Anaesthetic effects of alfaxalone administered intraperitoneally alone or combined with dexmedetomidine and fentanyl in the rat

Abstract

Alfaxalone is a neuroactive steroid used as a general anaesthetic in several species including dogs, cats, rabbits and ferrets. It has a wide margin of safety and a similar anaesthetic profile to propofol. To increase its aqueous solubility, a new formulation with cyclodextrins has been marketed recently.

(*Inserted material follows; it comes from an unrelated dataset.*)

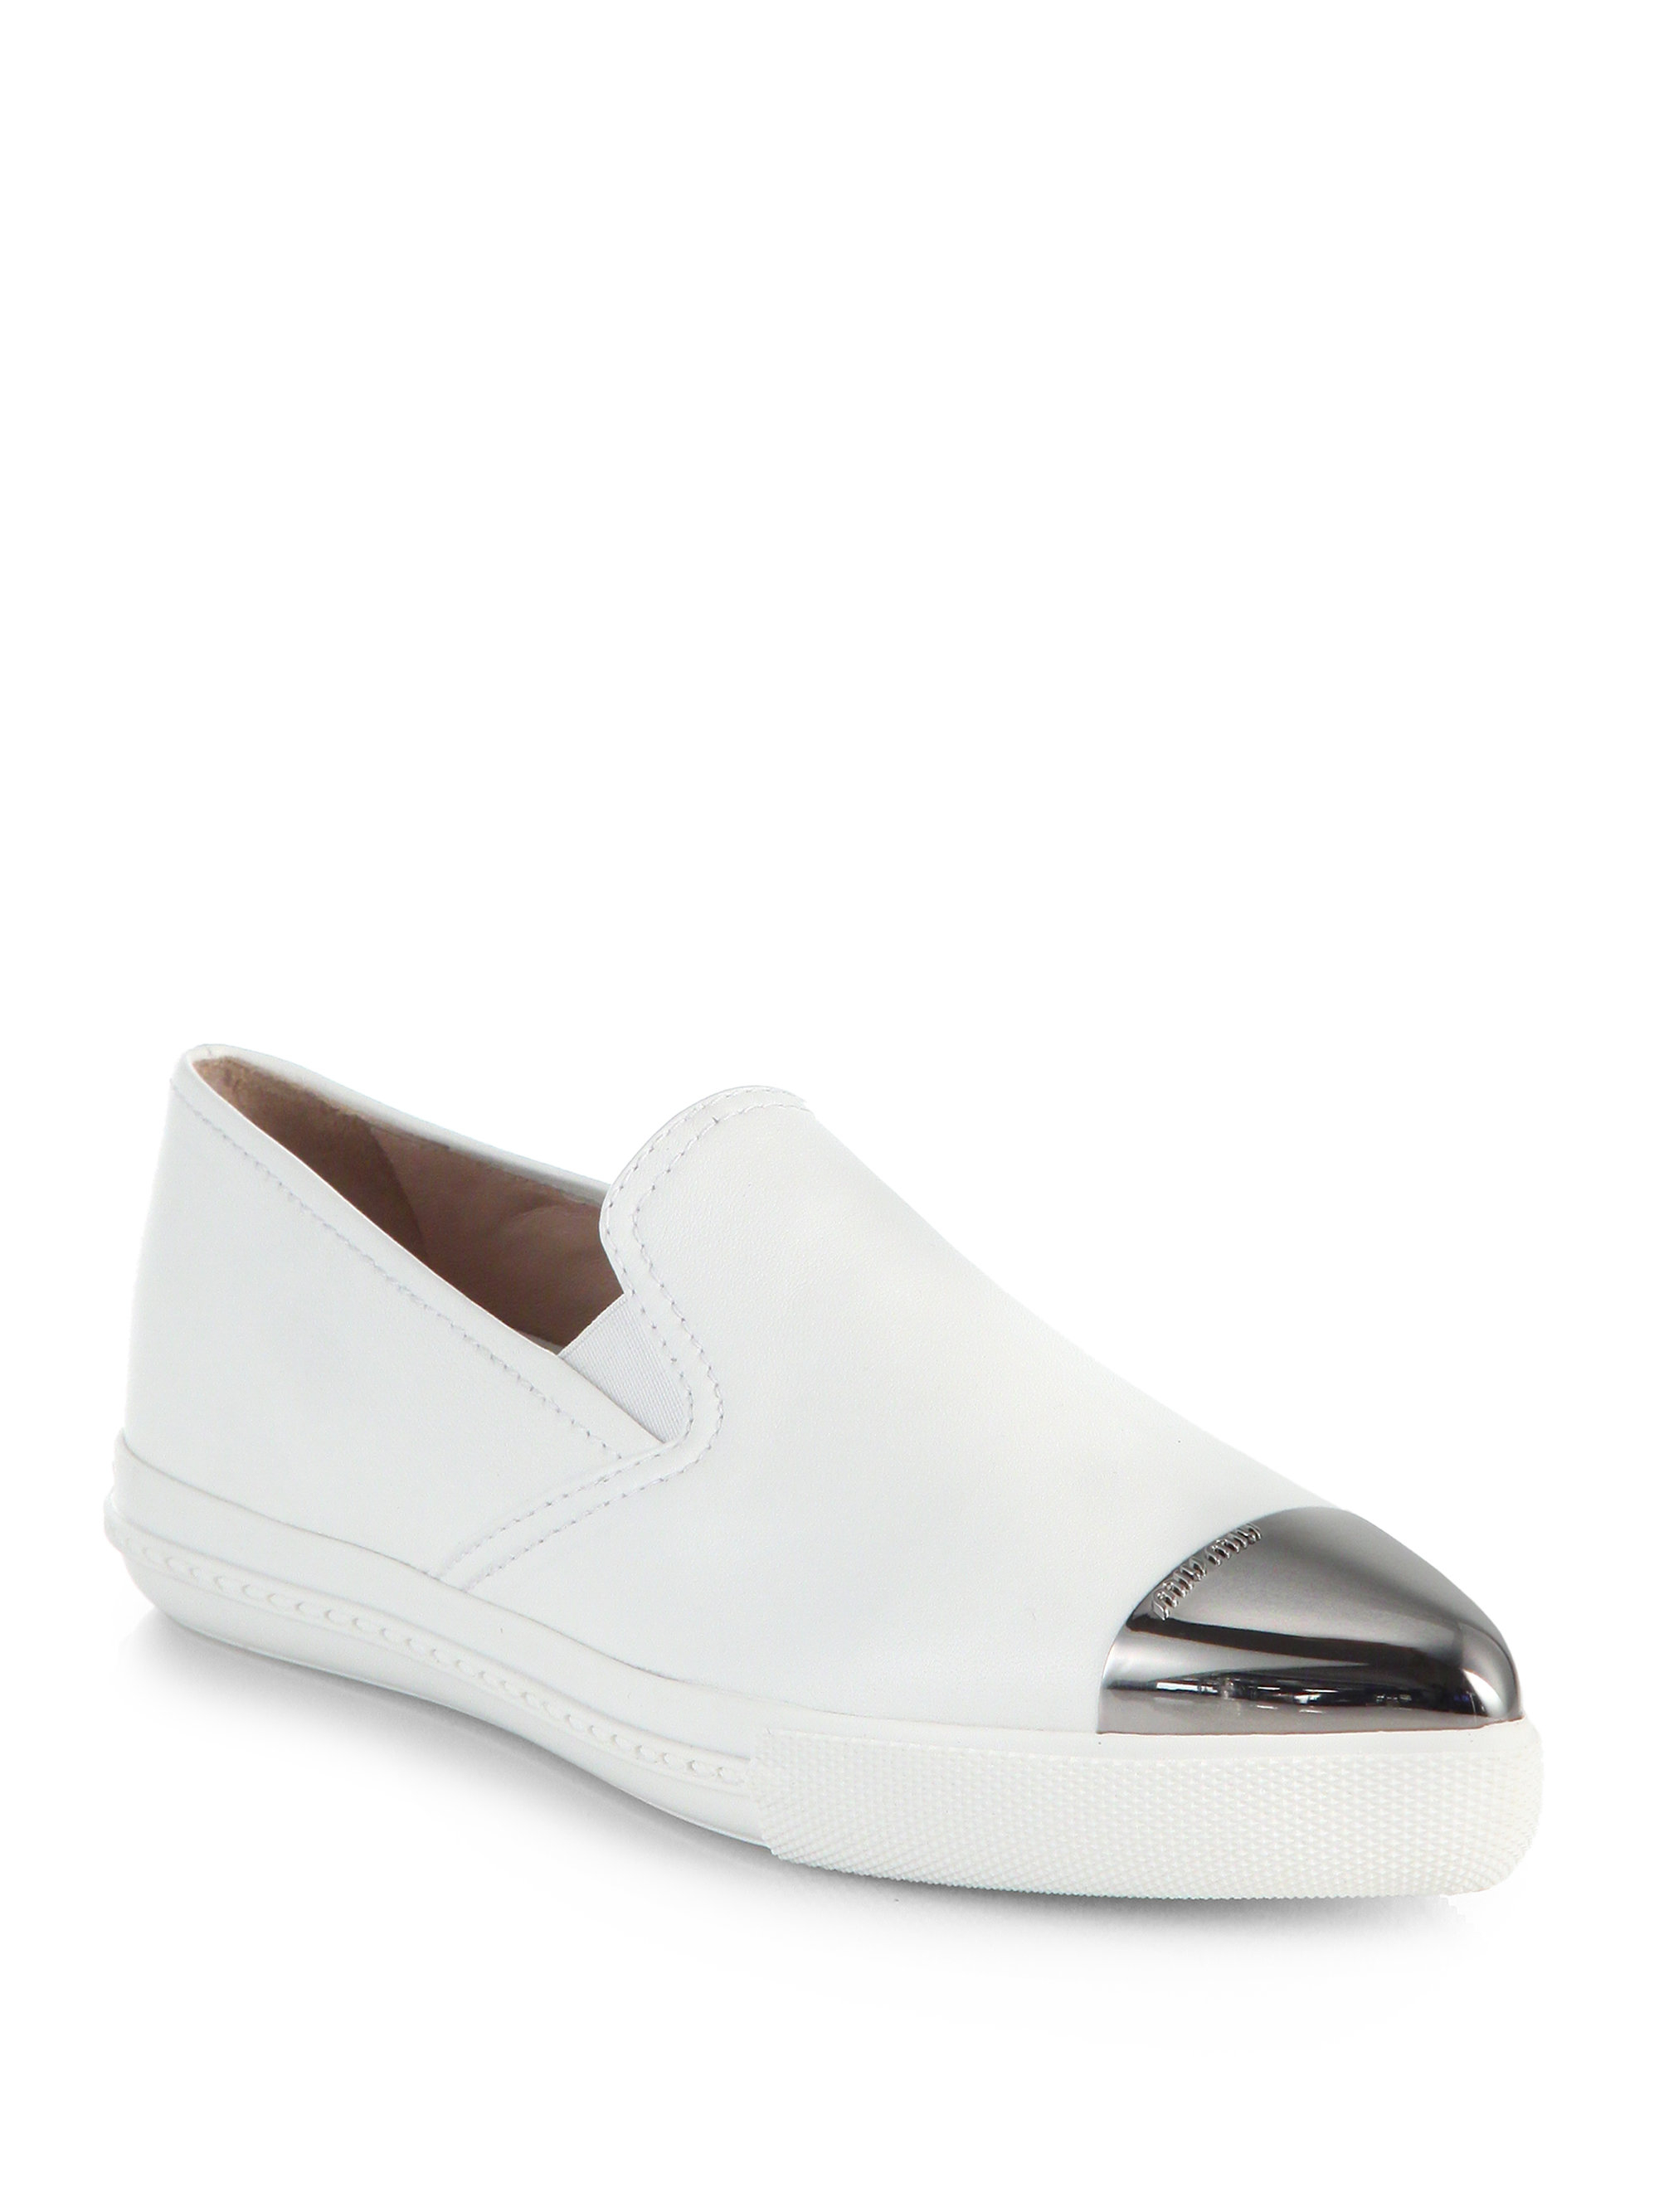 Miu Miu Leather Cap-Toe Skate Shoes in White | Lyst

The objective of this study was to evaluate the anaesthetic effect of several doses of alfaxalone alone, considering differences between sexes, and alfaxalone combined with dexmedetomidine and fentanyl in the rat administered by the intraperitoneal route. A total of 40 Sprague Dawley rats, involved in three studies, were used. Firstly, 25, 35 and 45 mg kg–1 of alfaxalone alone were tested. In a second study, alfaxalone (25 mg kg–1, females; 75 mg kg–1, males) was combined with dexmedetomidine (0.05 mg kg–1). Finally, alfaxalone (20 mg kg–1, females; 60 mg kg–1, males) was combined with dexmedetomidine (0.05 mg kg–1) and fentanyl (0.1 mg kg–1). Times of onset and duration of anaesthesia, and analgesia, deemed as losing of withdrawal pedal reflex, were recorded. Alfaxalone alone produced a 2 - to 3-fold longer time of anaesthesia in females, although surgical anaesthesia was not achieved in either sex. The addition of dexmedetomidine and fentanyl to alfaxalone produced a similar time of analgesia as well as increased time of anaesthesia in both sexes. In conclusion, alfaxalone produces light anaesthesia in rats, and males required a higher dose. The combination with other sedatives or analgesics, such as dexmedetomidine or fentanyl, allows a more prolonged anaesthesia with analgesic effects, potentially suitable for invasive procedures.